Rules of Thumb for Information Acquisition from Large and Redundant Data
- Cite this paper as:
- Gatterbauer W. (2011) Rules of Thumb for Information Acquisition from Large and Redundant Data. In: Clough P. et al. (eds) Advances in Information Retrieval. ECIR 2011. Lecture Notes in Computer Science, vol 6611. Springer, Berlin, Heidelberg
We develop an abstract model of information acquisition from redundant data. We assume a random sampling process from data which contain information with bias and are interested in the fraction of information we expect to learn as function of (i) the sampled fraction (recall) and (ii) varying bias of information (redundancy distributions).
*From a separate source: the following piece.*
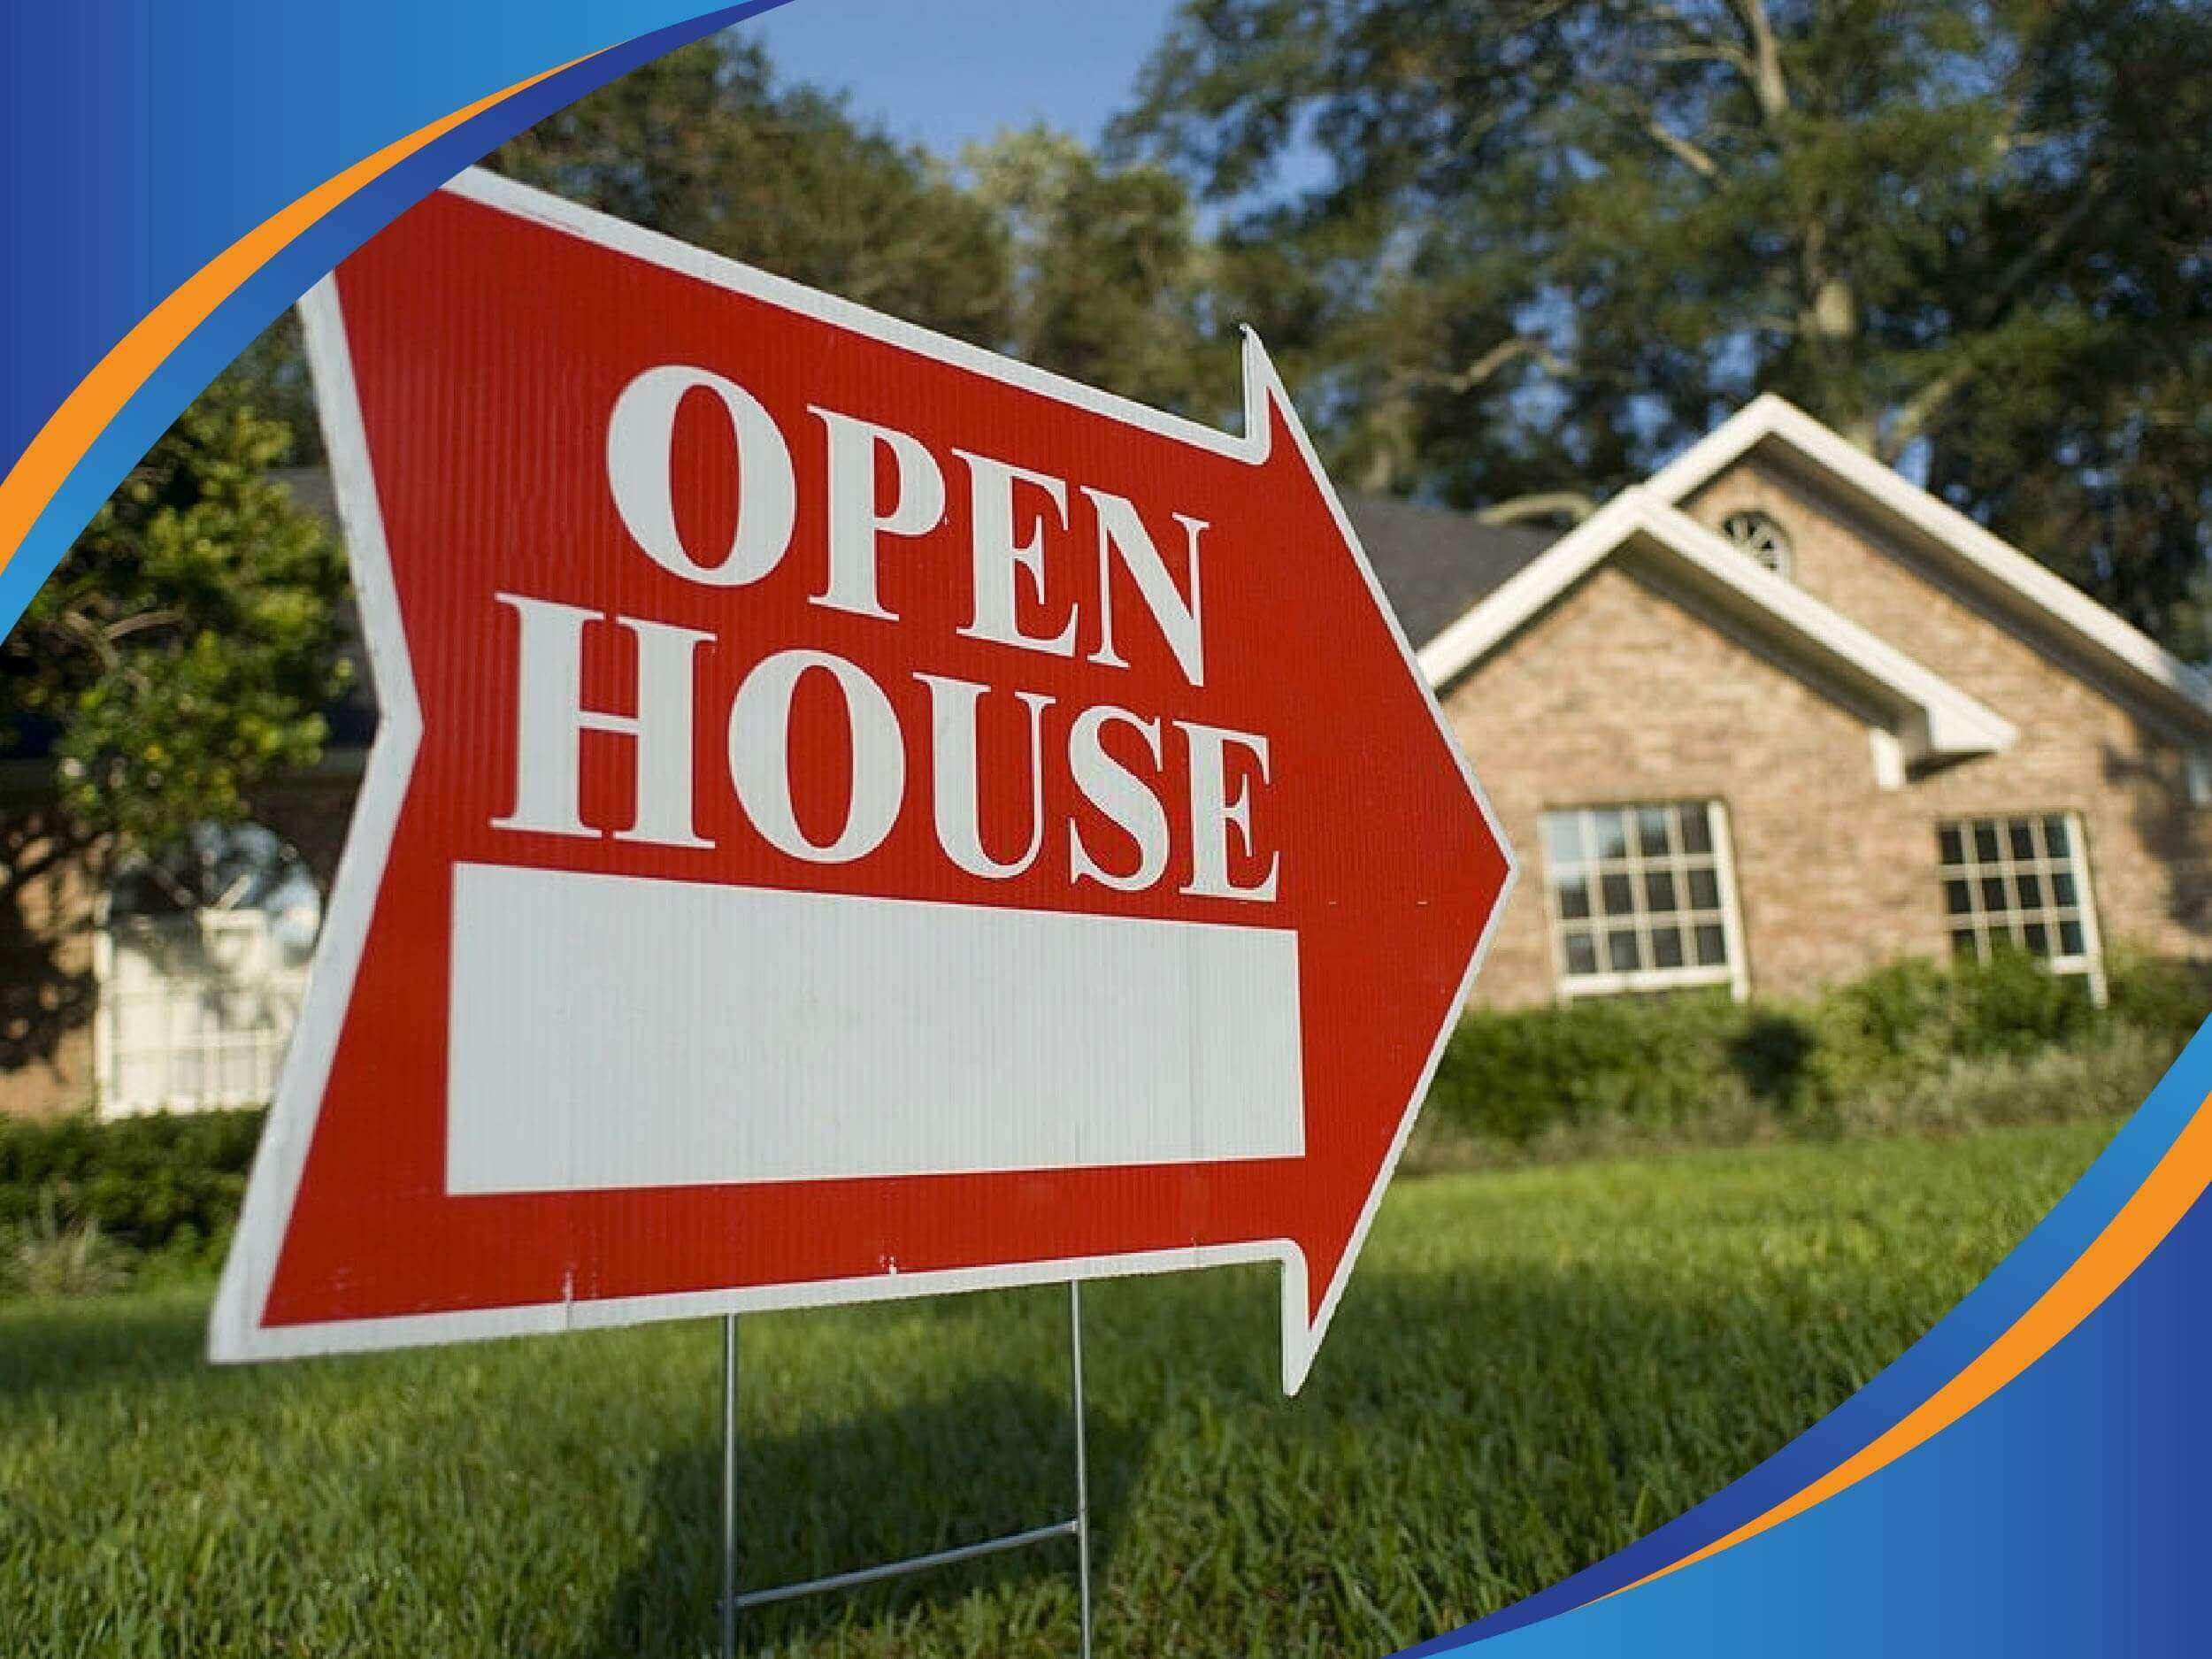 open houses and private showings – property open houses – property private showings - real estate open houses and private showings – property selling services - services – al sadat marketing services - al sadat marketing - alsadat marketing - al-sadat marketing - real estate agency - property portal - islamabad - rawalpindi - pakistan
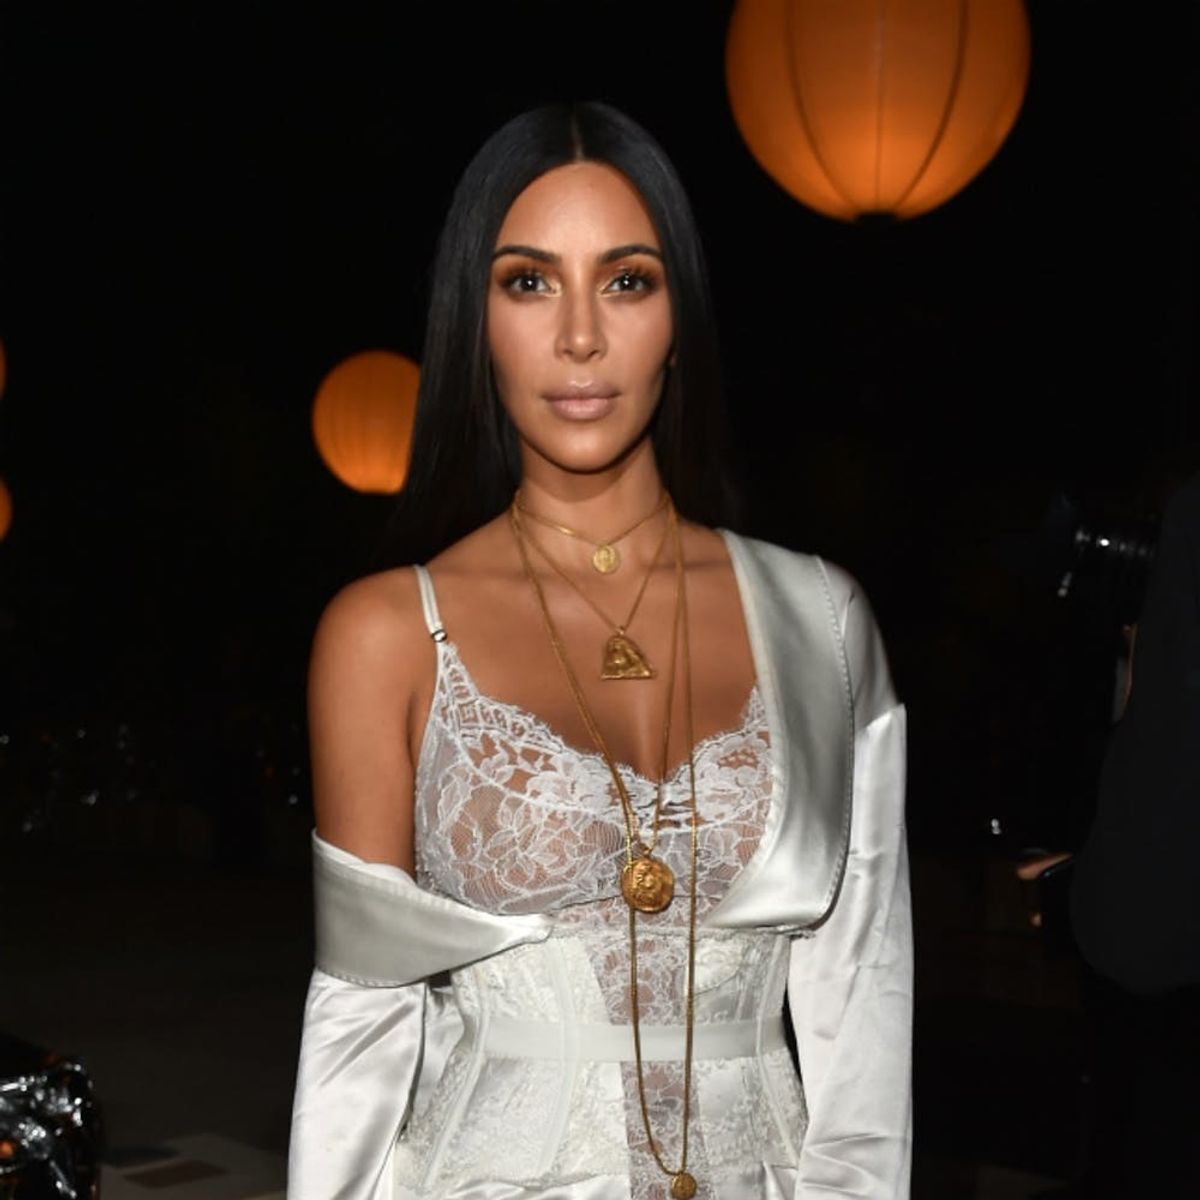 Kim Kardashian’s Assistant Is Breaking Her Silence on the Paris Robbery

We develop two rules of thumb with varying robustness. We first show that, when information bias follows a Zipf distribution, the 80-20 rule or Pareto principle does surprisingly not hold, and we rather expect to learn less than 40% of the information when randomly sampling 20% of the overall data. We then analytically prove that for large data sets, randomized sampling from power-law distributions leads to “truncated distributions” with the same power-law exponent. This second rule is very robust and also holds for distributions that deviate substantially from a strict power law. We further give one particular family of power-law functions that remain completely invariant under sampling. Finally, we validate our model with two large Web data sets: link distributions to web domains and tag distributions on delicious.com.